• RECORDED DATA:
■ ■ ■ ■ ■

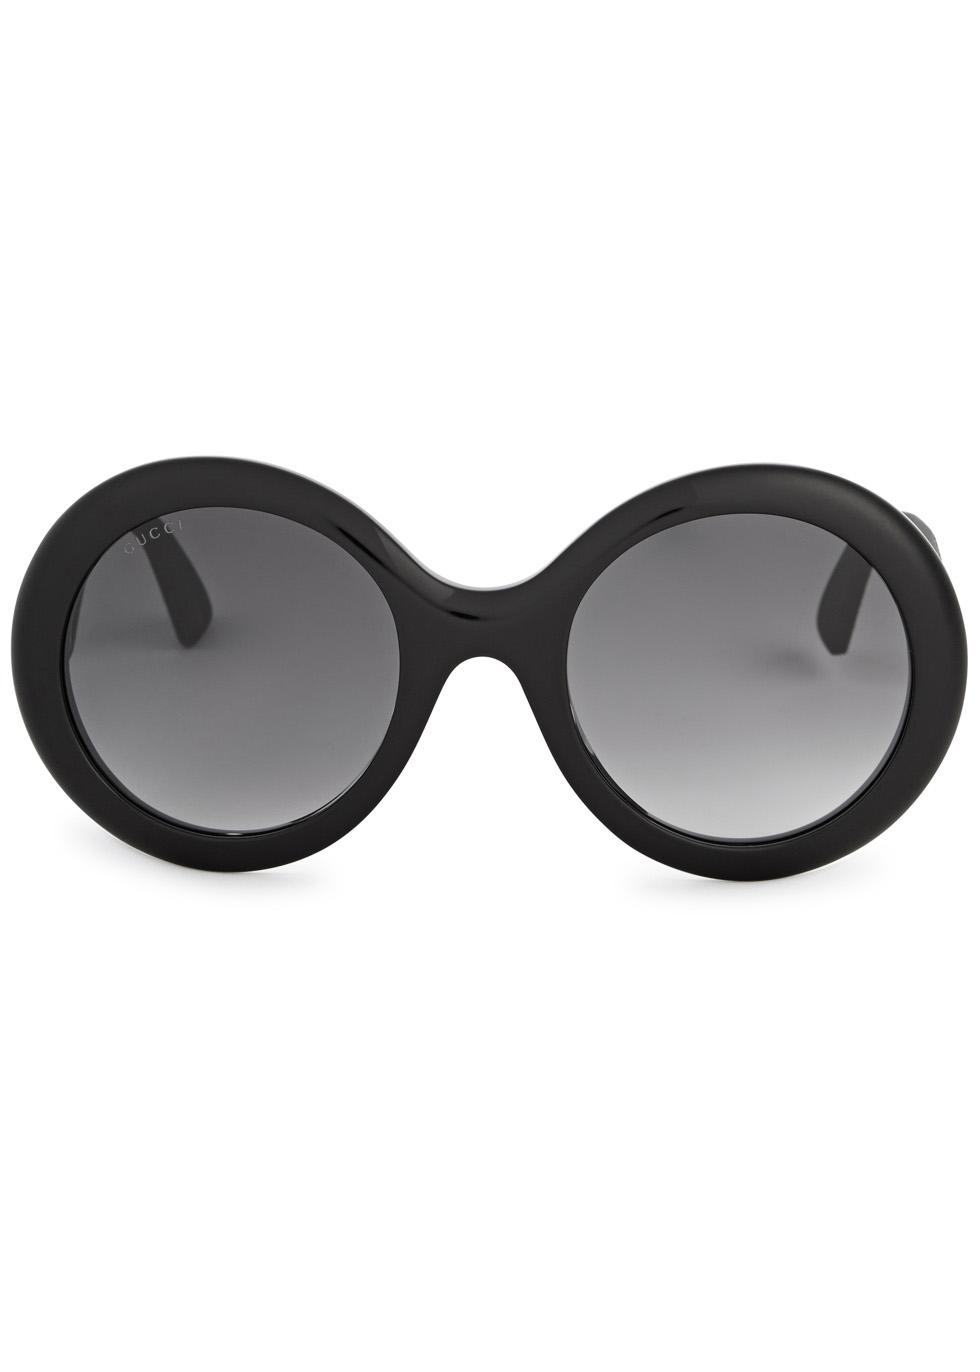 Black glittered oversized sunglasses - Gucci
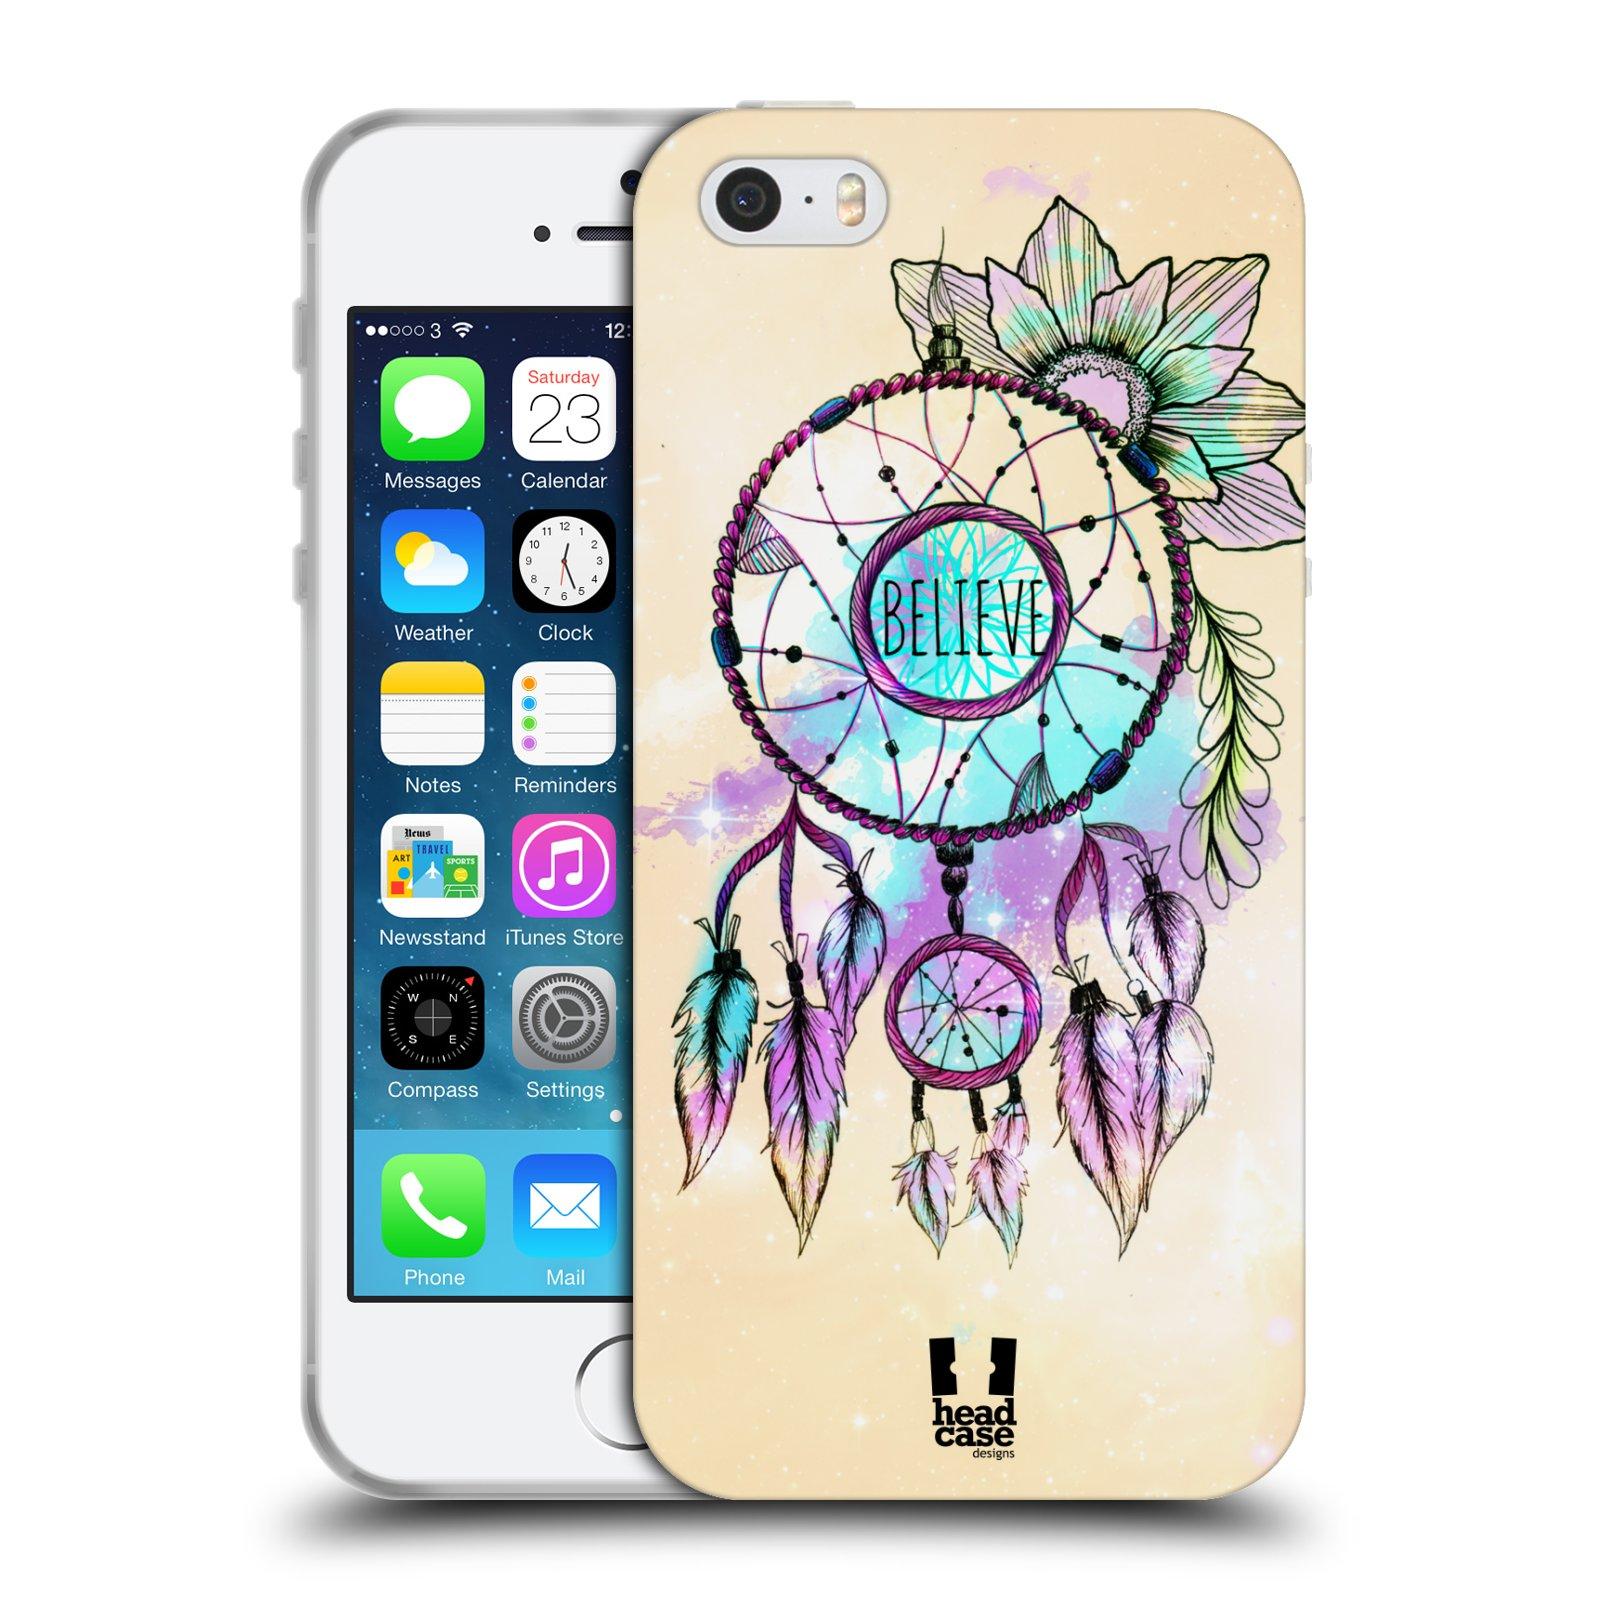 Silikonové pouzdro na mobil Apple iPhone 5, 5S, SE - Head Case - MIX BELIEVE
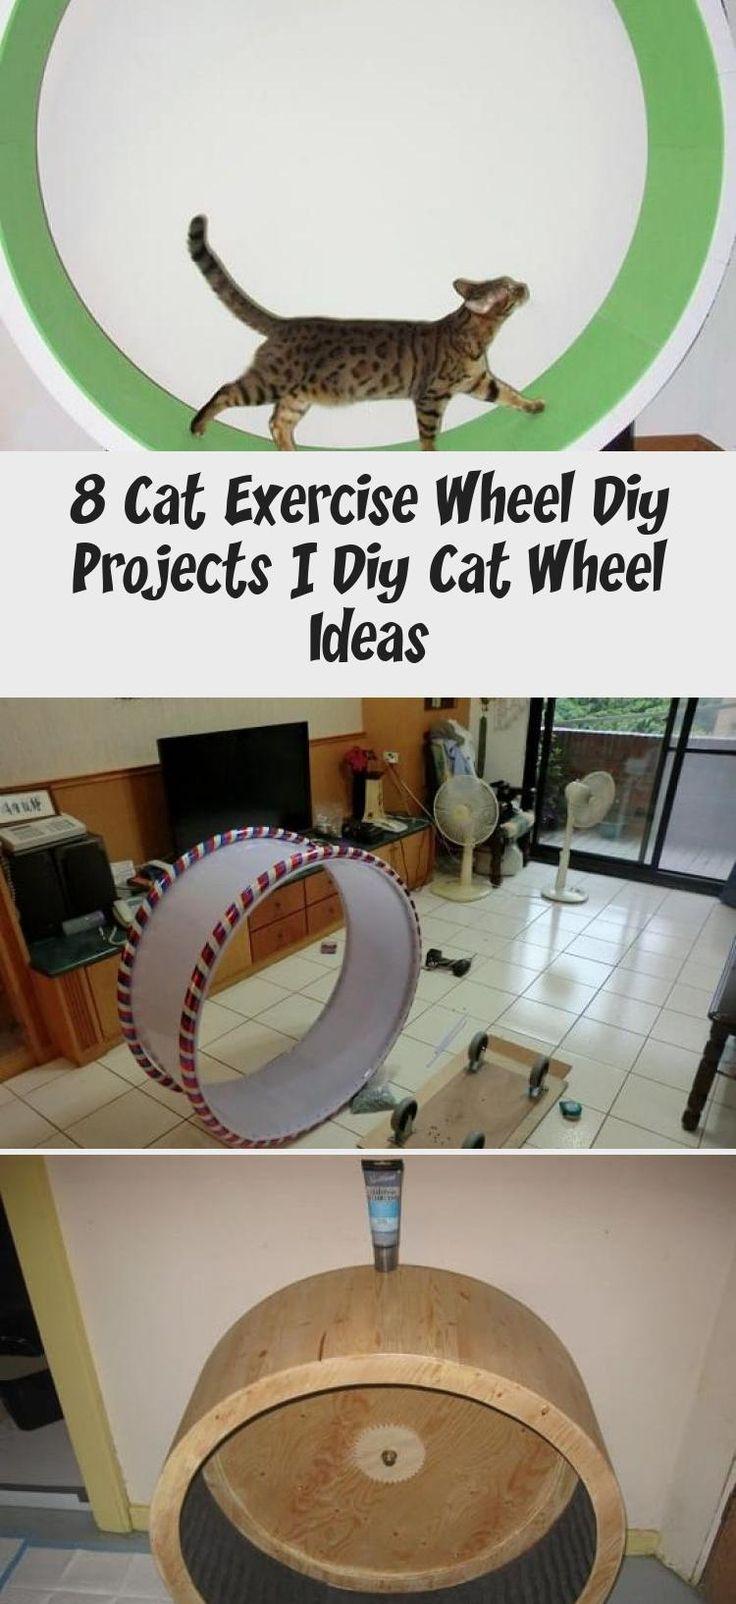 8 cat exercise wheel diy projects diy cat wheel ideas

■ ■ ■ ■ ■

• YOUR GOAL: The copy must match the listing above exactly, except that it holds no pictures.

• WRITTEN ANSWER:
 Black glittered oversized sunglasses - Gucci
 Silikonové pouzdro na mobil Apple iPhone 5, 5S, SE - Head Case - MIX BELIEVE
 8 cat exercise wheel diy projects diy cat wheel ideas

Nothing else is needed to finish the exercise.